Em debate no Estadão Summit Saúde, especialistas discutem como o uso de incretinas falsificadas e manipuladas em escala industrial ameaça a segurança dos pacientes e desvirtua o tratamento da obesidade.
Reconhecida pela Organização Mundial da Saúde (OMS) como uma doença crônica e multifatorial, a obesidade atinge mais de 40 milhões de brasileiros¹. Ao mesmo tempo em que a ciência oferece novas perspectivas com as incretinas - medicamentos eficazes no controle do peso e do diabetes -, o crescimento desse mercado tem gerado um efeito colateral preocupante: a proliferação de versões falsificadas e manipuladas ilegalmente.
O tema foi debatido no Brand Talk "O perigo do mercado ilegal para obesidade: do falsificado ao manipulado em massa", durante o Estadão Summit Saúde com a participação do dr. Luiz André Magno, diretor médico sênior da Eli Lilly do Brasil, e Clayton Macedo, coordenador do Núcleo de Endocrinologia do Exercício da Unifesp e diretor da Sociedade Brasileira de Endocrinologia e Metabologia (SBEM), com mediação da jornalista Camila Silveira.
Obesidade é doença crônica
Para Macedo, a obesidade não é uma escolha nem resultado de "falta de força de vontade", mas uma condição complexa influenciada por fatores genéticos, hormonais e ambientais. "A obesidade é uma doença recorrente, grave e multifatorial. Mais de 200 doenças estão associadas a ela", afirmou. Segundo o endocrinologista, a ciência tem revolucionado o entendimento da doença ao identificar mecanismos biológicos que explicam o ganho de peso e a dificuldade de mantê-lo sob controle.
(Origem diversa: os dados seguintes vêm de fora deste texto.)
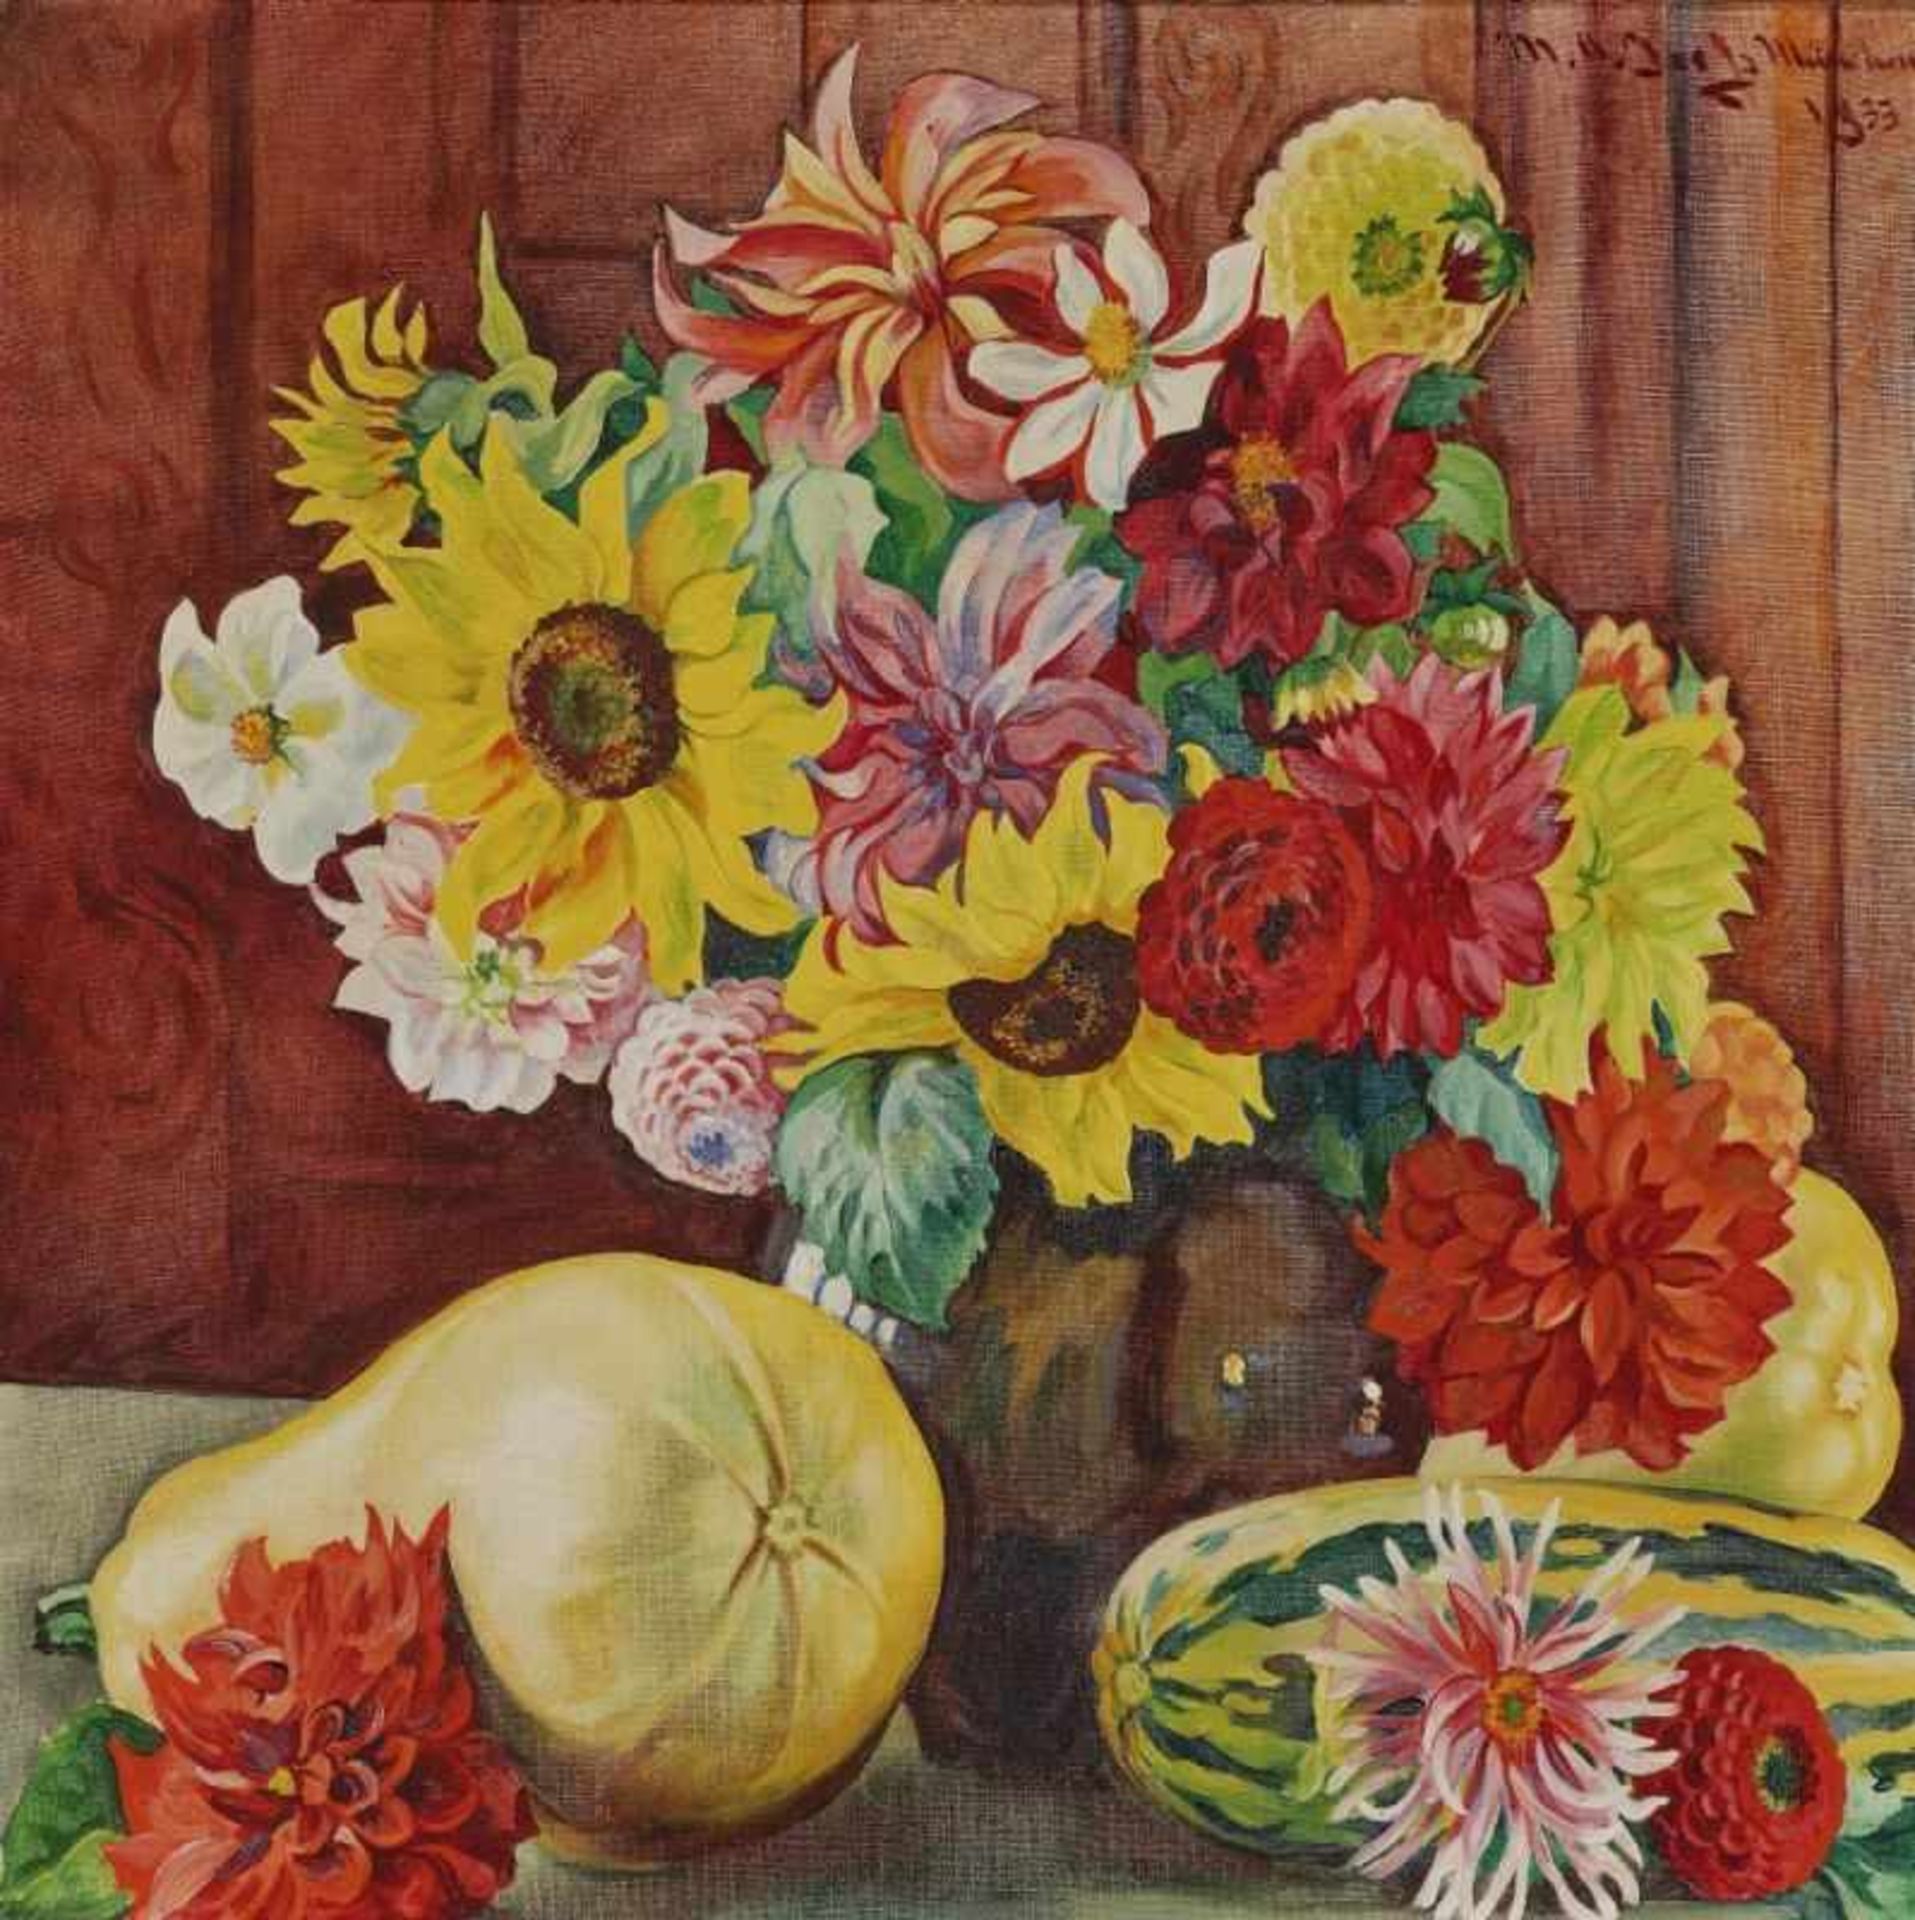 Jooß, Melanie Alice 1883 Stuttgart - 1940 München Stillleben mit Dahlien, Sonnenblumen und Kürbissen

Nos últimos anos, medicamentos como a semaglutida e a tirzepatida - terapias incretínicas - têm transformado o tratamento. "Essas medicações aumentam a saciedade, reduzem o apetite e melhoram o metabolismo, representando um avanço inédito para os pacientes", explicou Macedo. Mas o mesmo sucesso científico que trouxe esperança abriu espaço para um novo tipo de ameaça.
Falsificados e manipulados
Com a alta demanda, versões ilegais começaram a circular em clínicas, sites e redes sociais, muitas vezes anunciadas falsamente como soluções rápidas e seguras. Luiz André Magno alertou que "a popularização das incretinas criou um ambiente propício para falsificações, contrabando e manipulações em escala industrial".
Segundo o médico, há três categorias principais de produtos irregulares: os contrabandeados, que entram no país sem controle; os falsificados, que imitam o produto original e são vendidos como se fossem autênticos, originais e eficazes; e os manipulados ilegalmente em larga escala, prática que viola as normas da Agência Nacional de Vigilância Sanitária (Anvisa). "Quando se junta o produto falsificado, o contrabandeado e o manipulado industrialmente, há uma quantidade enorme de substâncias sem controle sanitário circulando no país", alertou.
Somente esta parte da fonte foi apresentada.